▽
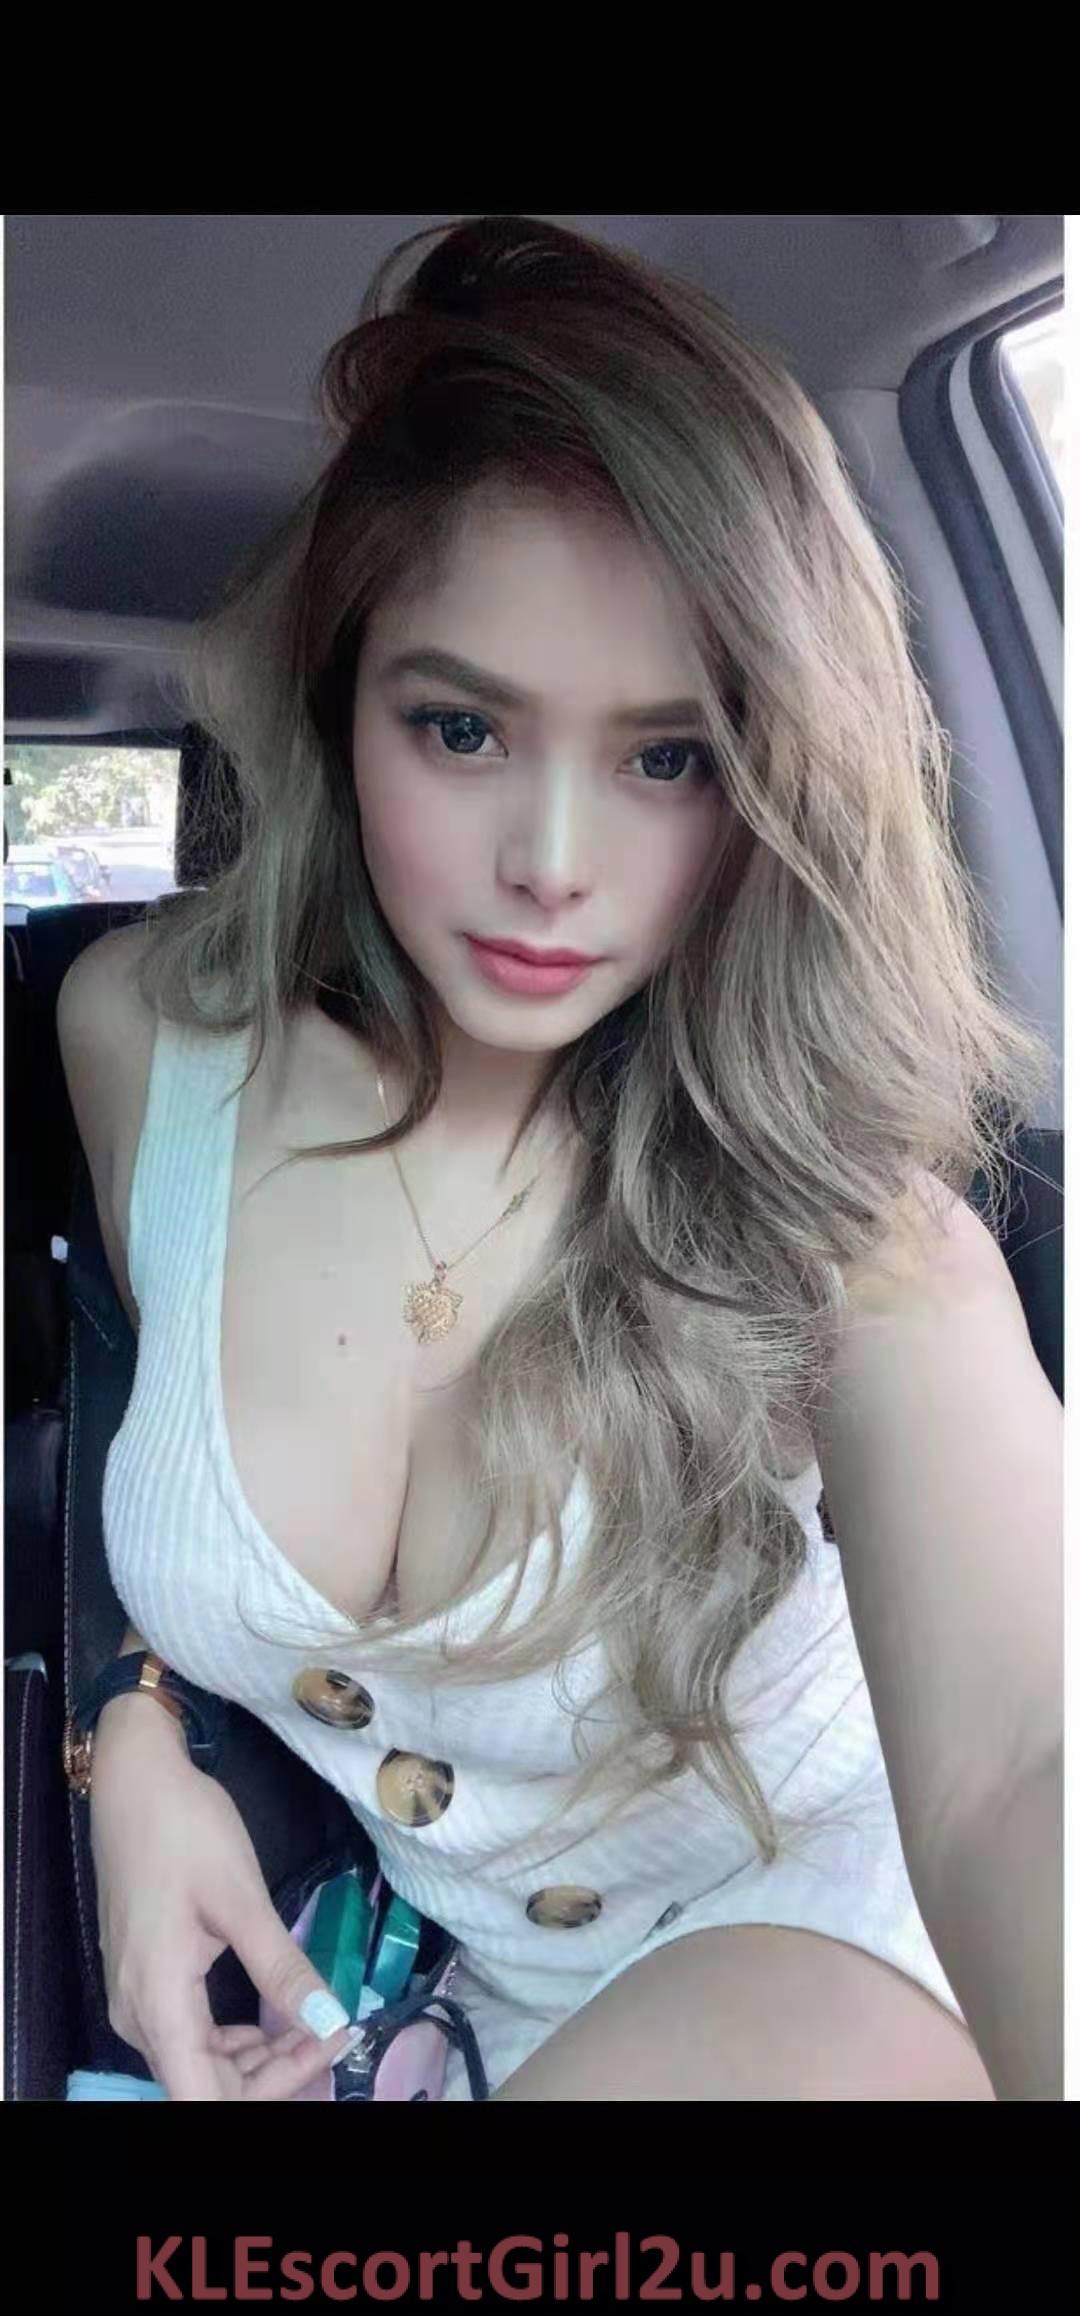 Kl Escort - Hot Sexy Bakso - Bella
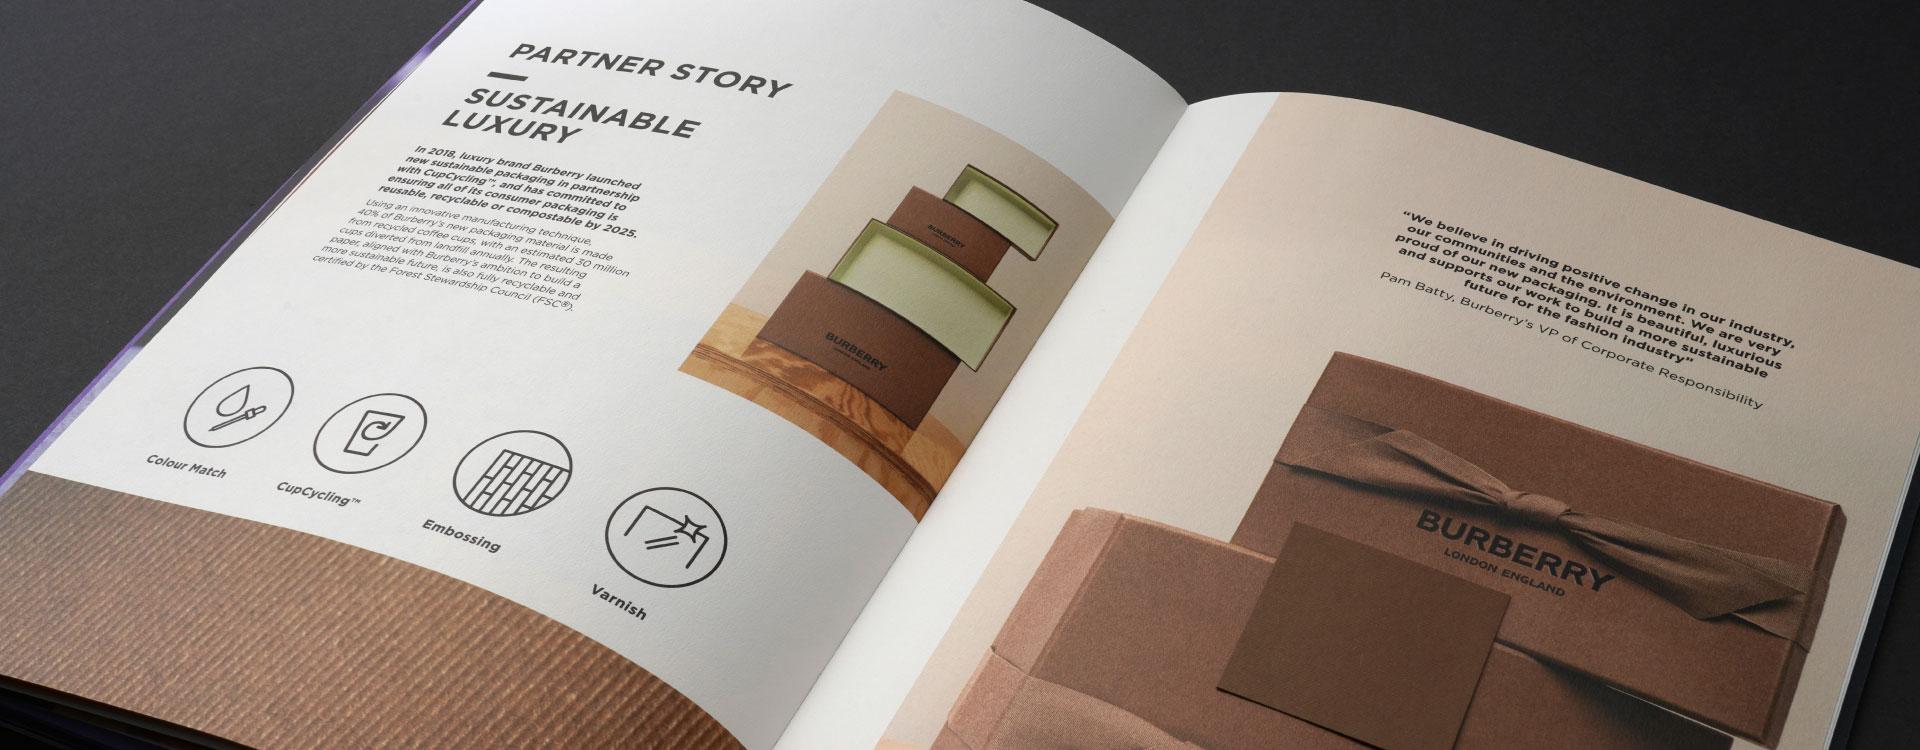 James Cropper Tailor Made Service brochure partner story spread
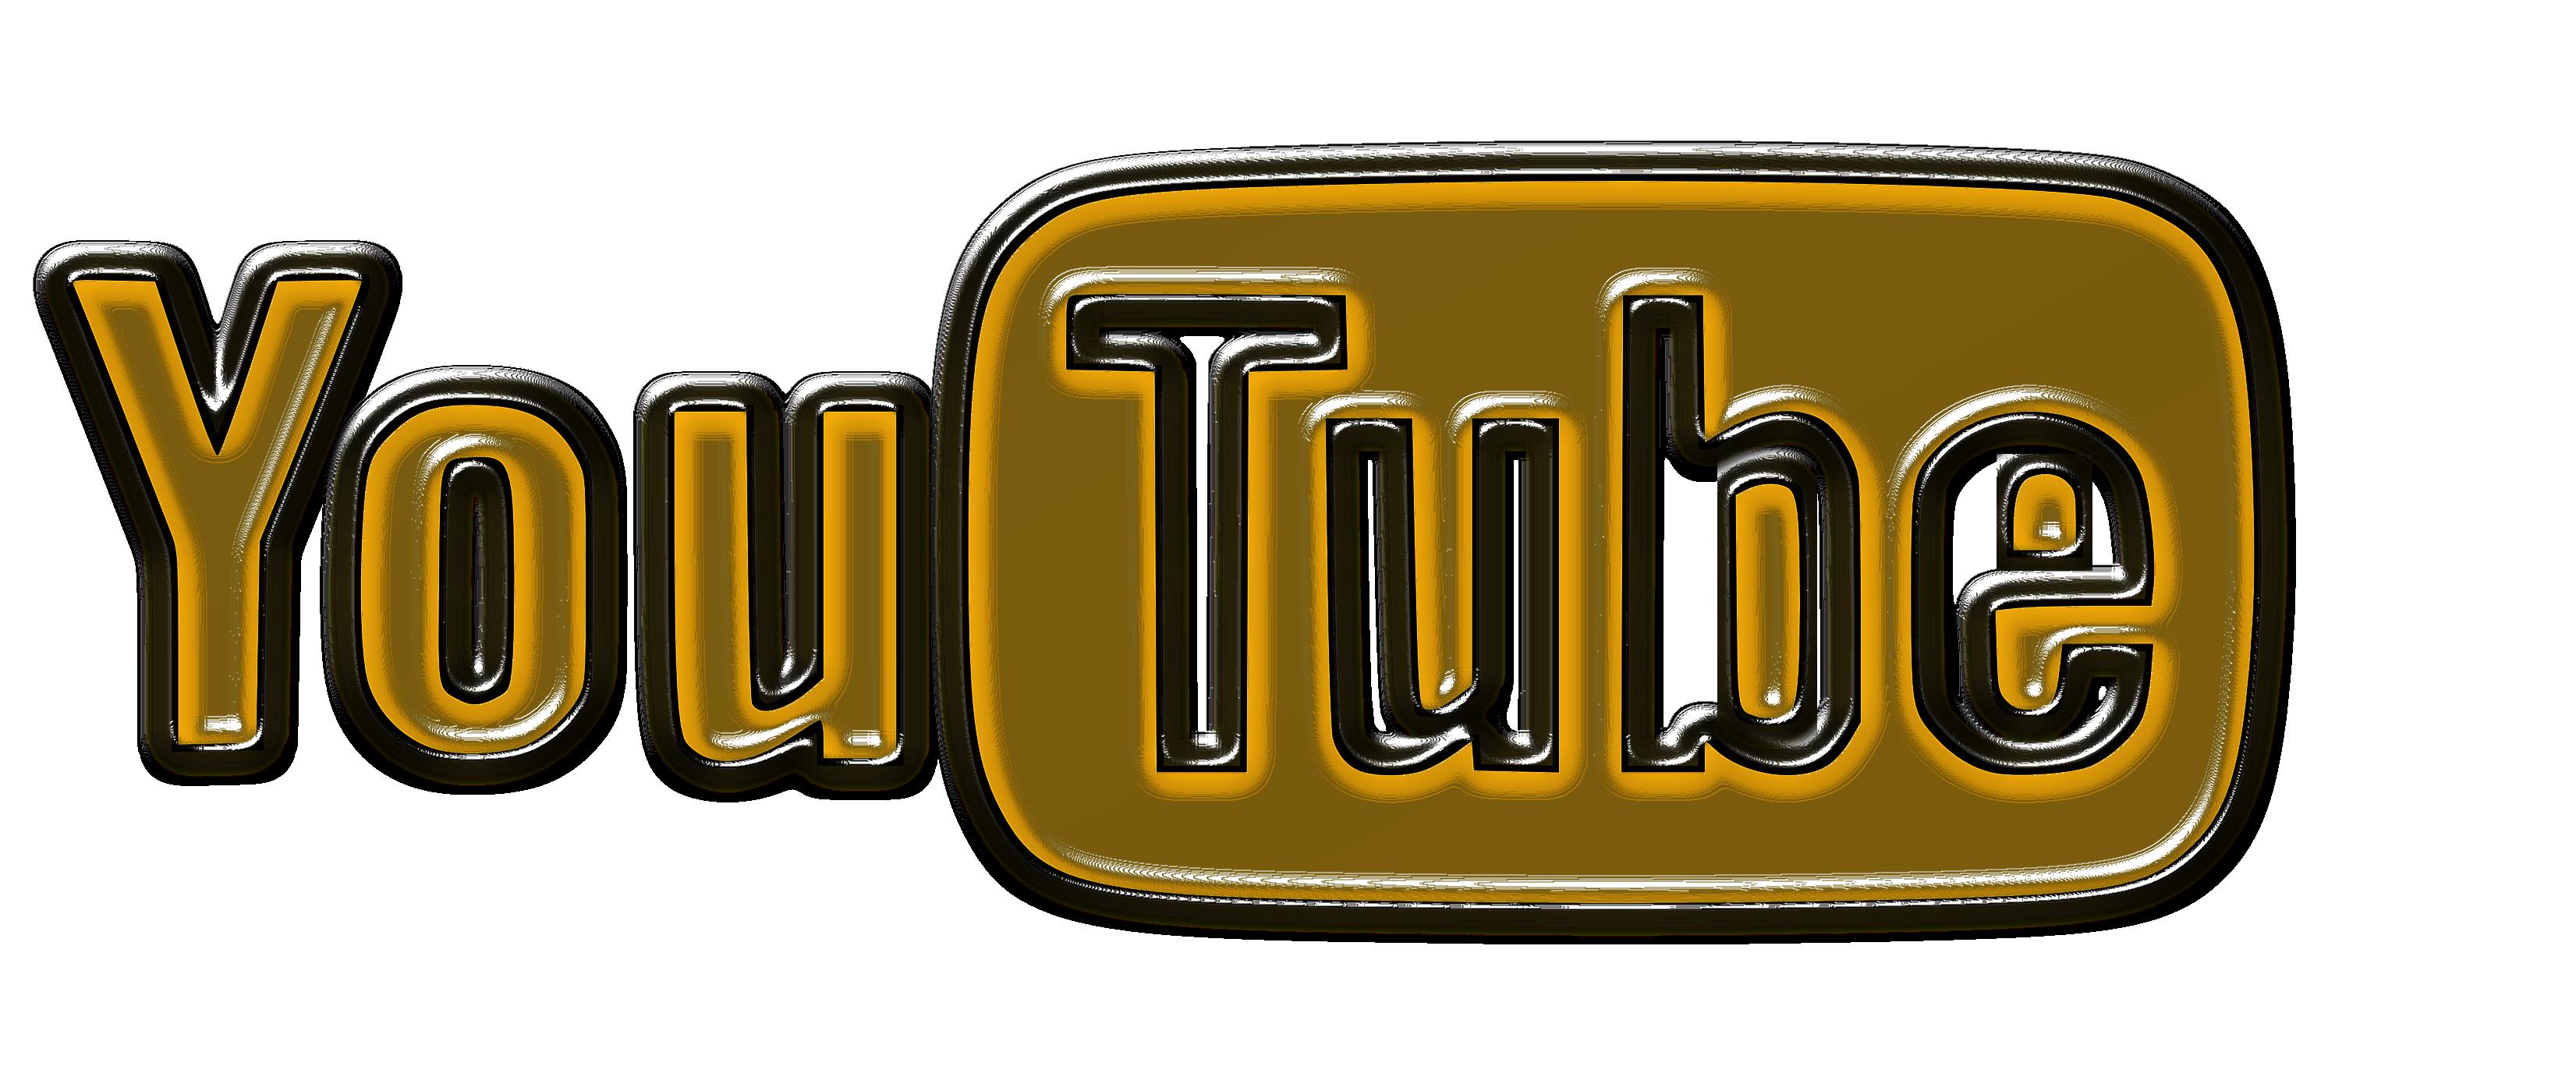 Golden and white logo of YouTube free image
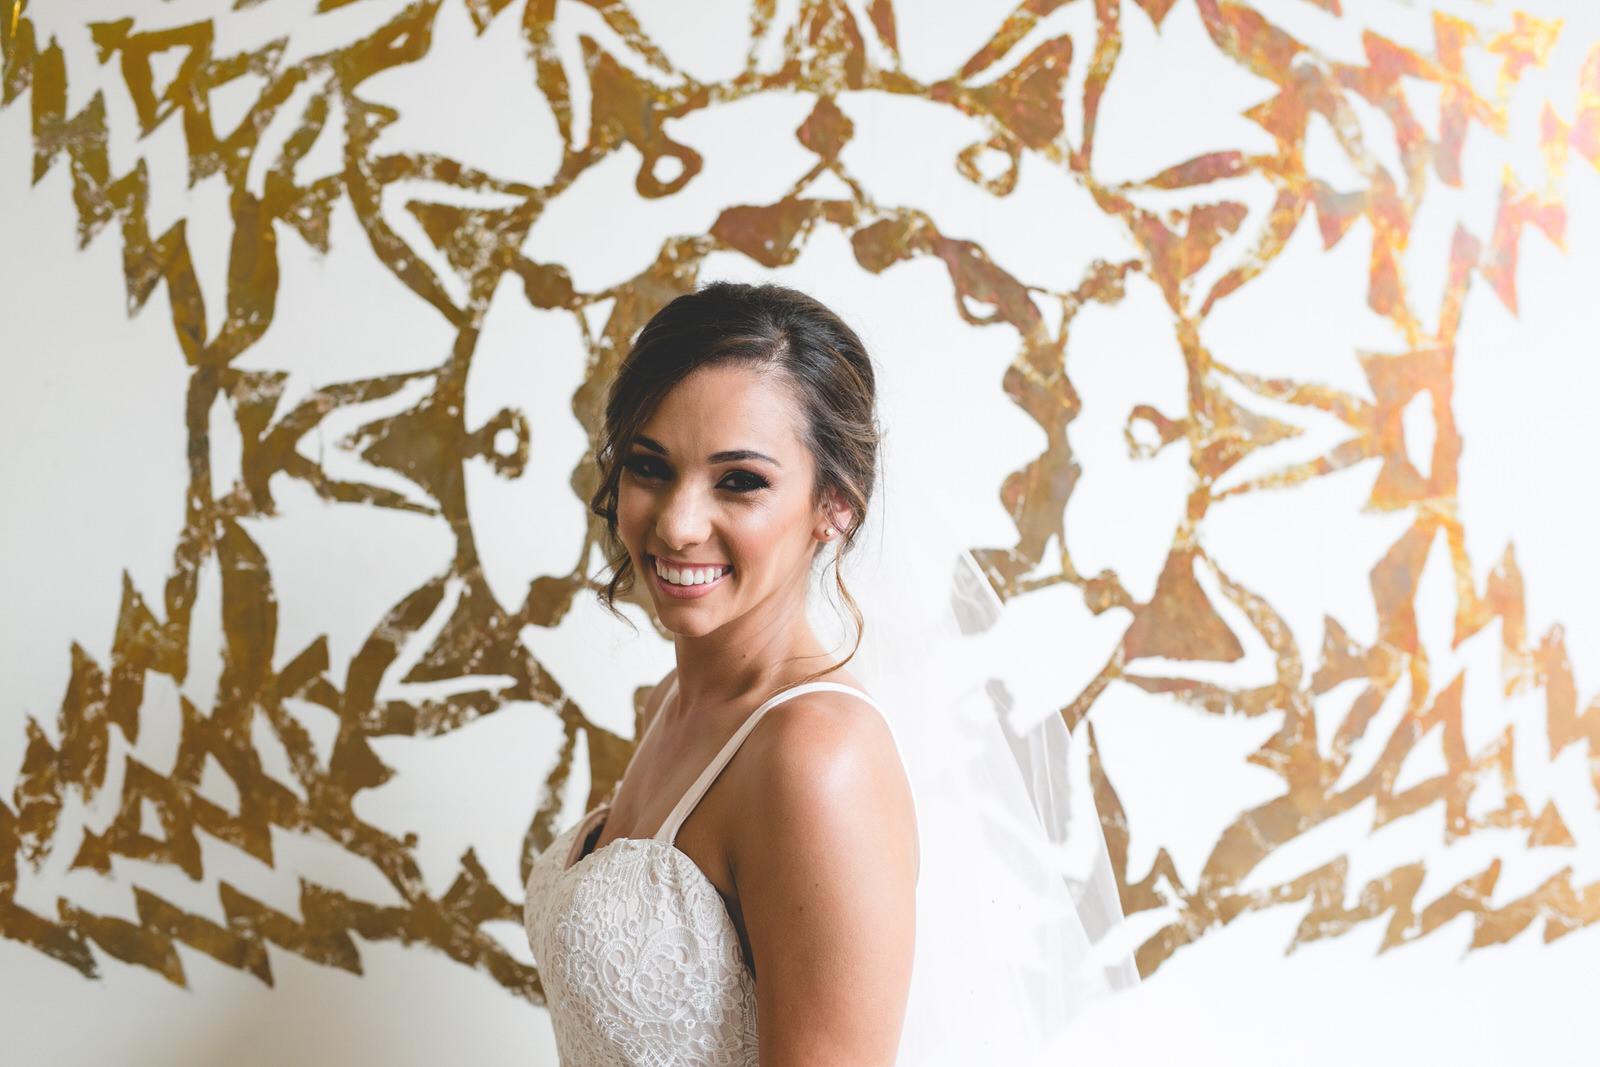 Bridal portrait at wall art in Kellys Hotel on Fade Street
△
To do — Leave out the pictures and retype every line above exactly.

Solution —
 Kl Escort - Hot Sexy Bakso - Bella
 James Cropper Tailor Made Service brochure partner story spread
 Golden and white logo of YouTube free image
 Bridal portrait at wall art in Kellys Hotel on Fade Street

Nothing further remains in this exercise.